-- Work required --
Your copy should start at the line with "40 листов/партия) кубики" and end at the line with "Prix bas chat" in the data below. Transcribe only those lines, exactly, pictures excluded.

-- Records supplied --
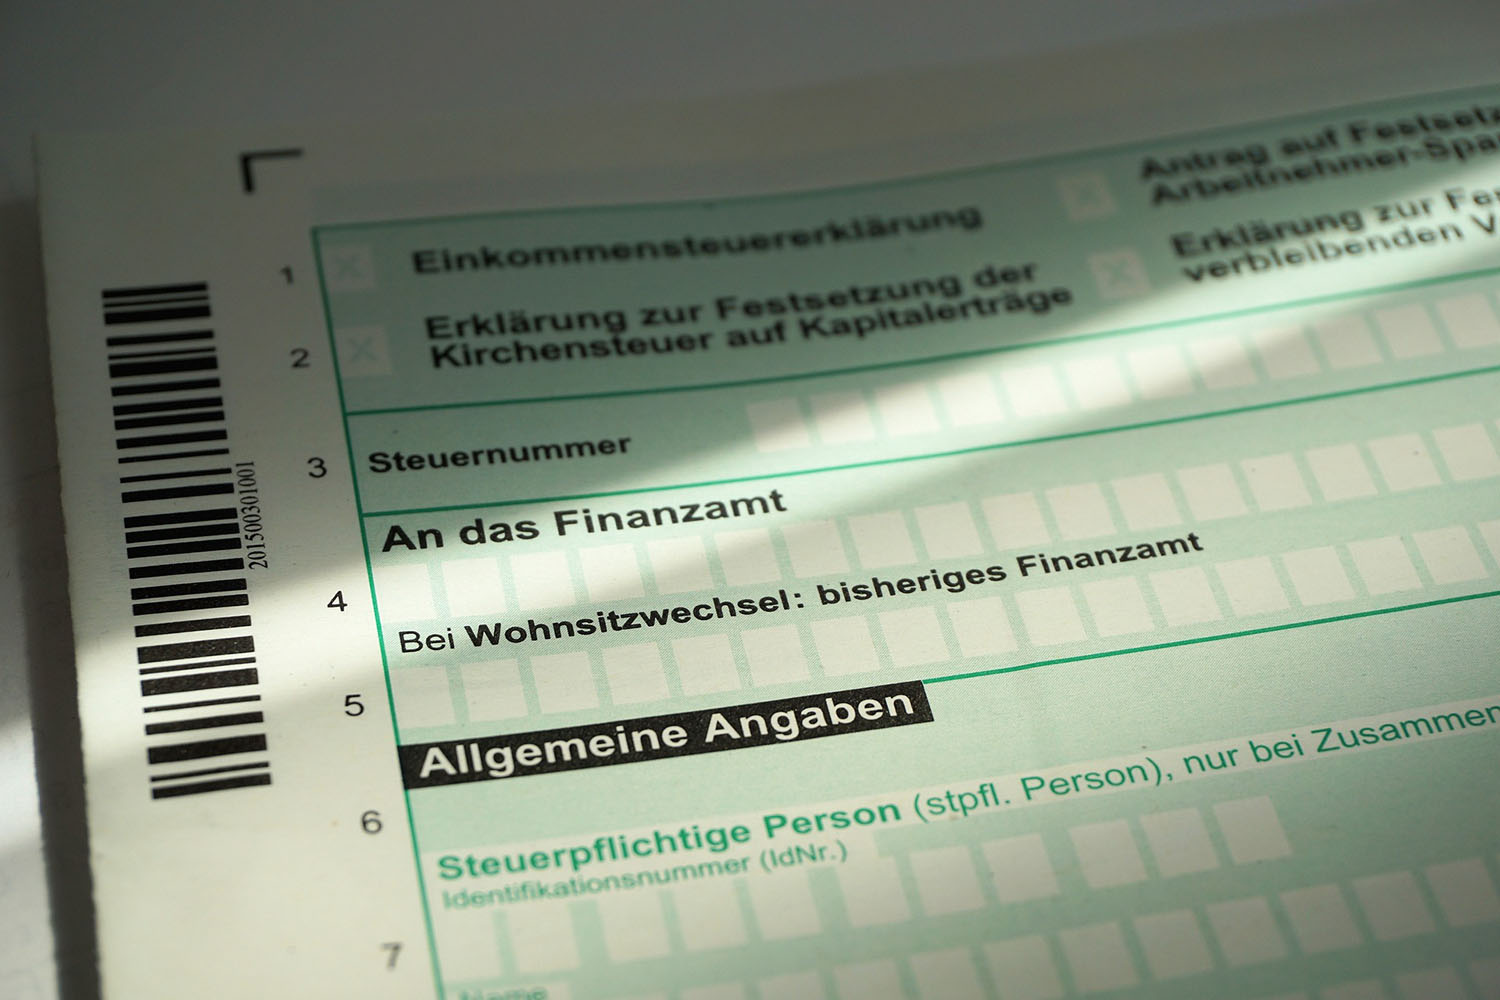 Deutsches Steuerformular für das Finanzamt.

==

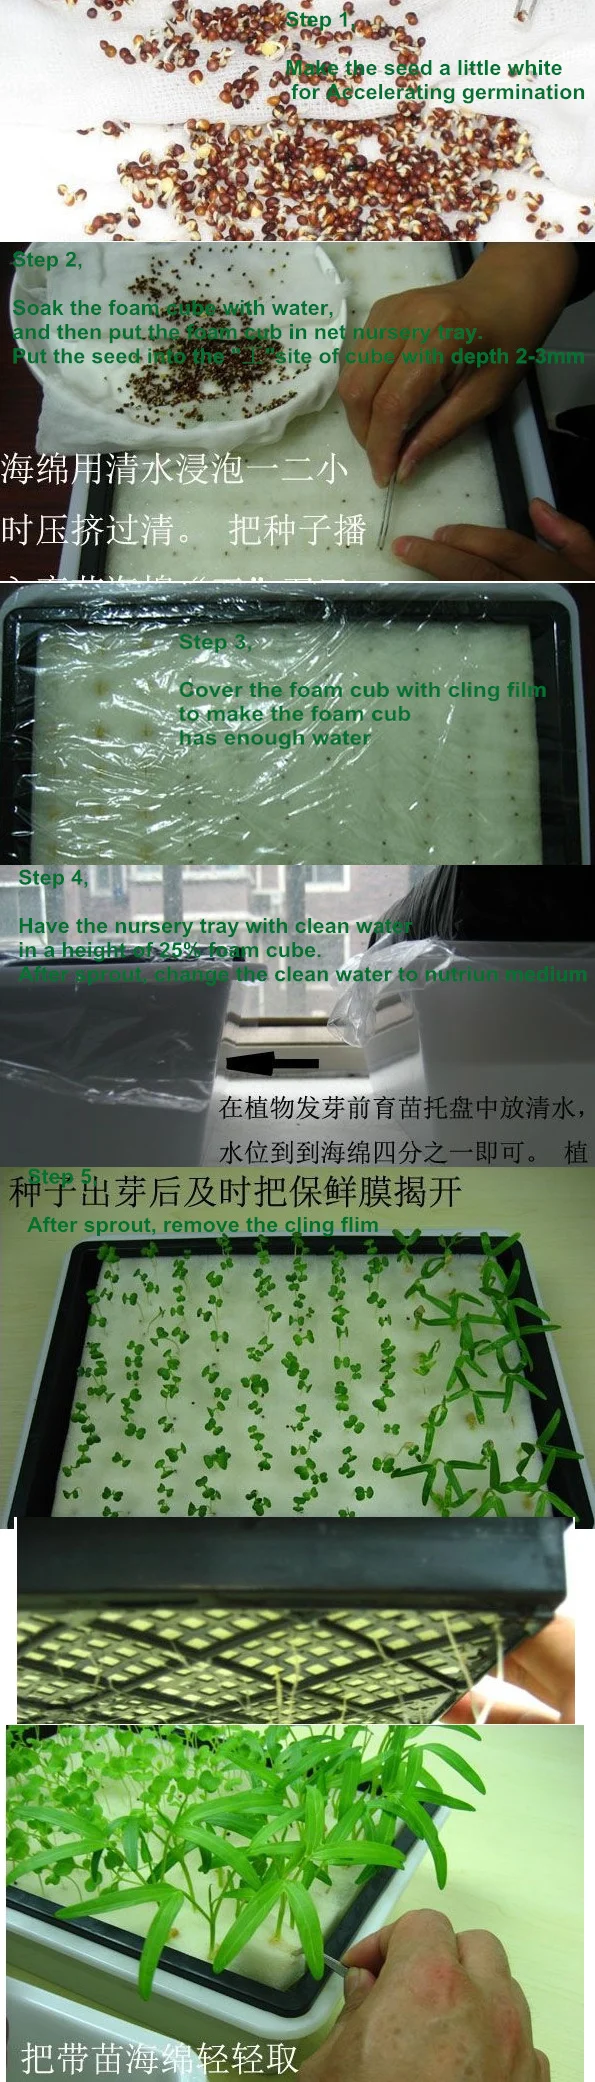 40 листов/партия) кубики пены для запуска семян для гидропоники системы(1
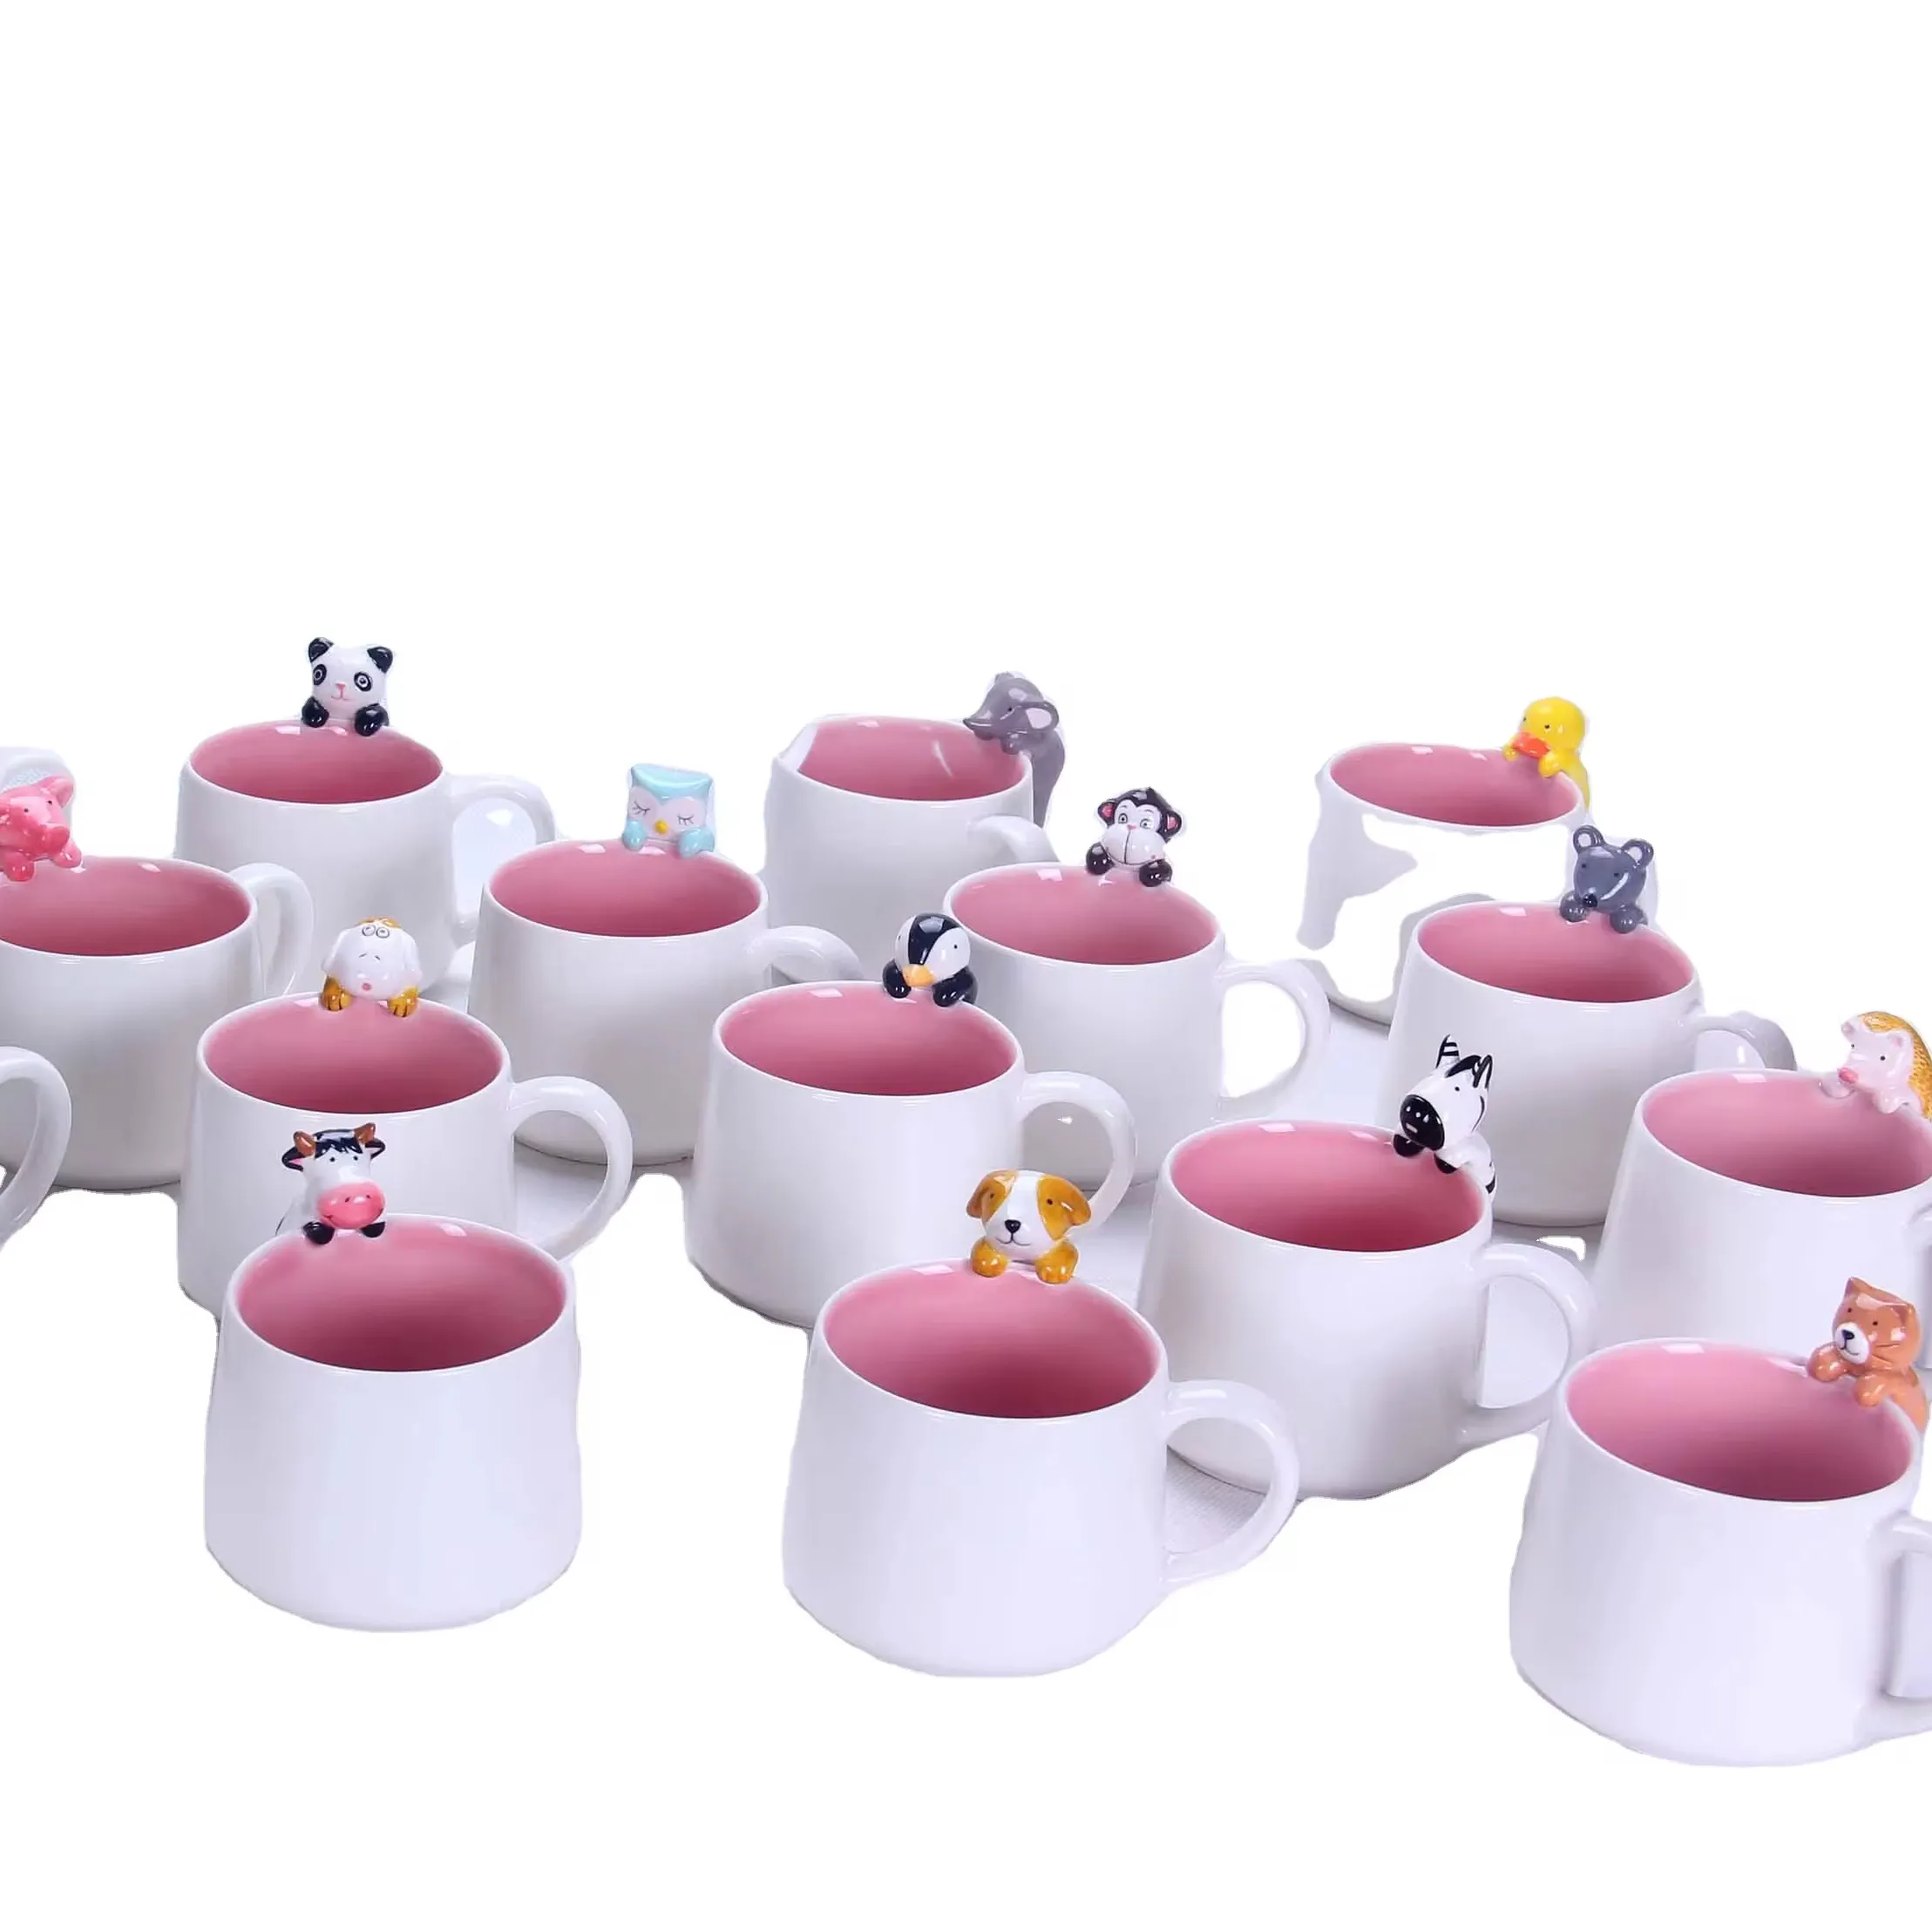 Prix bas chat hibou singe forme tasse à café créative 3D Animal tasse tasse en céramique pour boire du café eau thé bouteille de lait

-- Solution to this task --
 40 листов/партия) кубики пены для запуска семян для гидропоники системы(1
 Prix bas chat hibou singe forme tasse à café créative 3D Animal tasse tasse en céramique pour boire du café eau thé bouteille de lait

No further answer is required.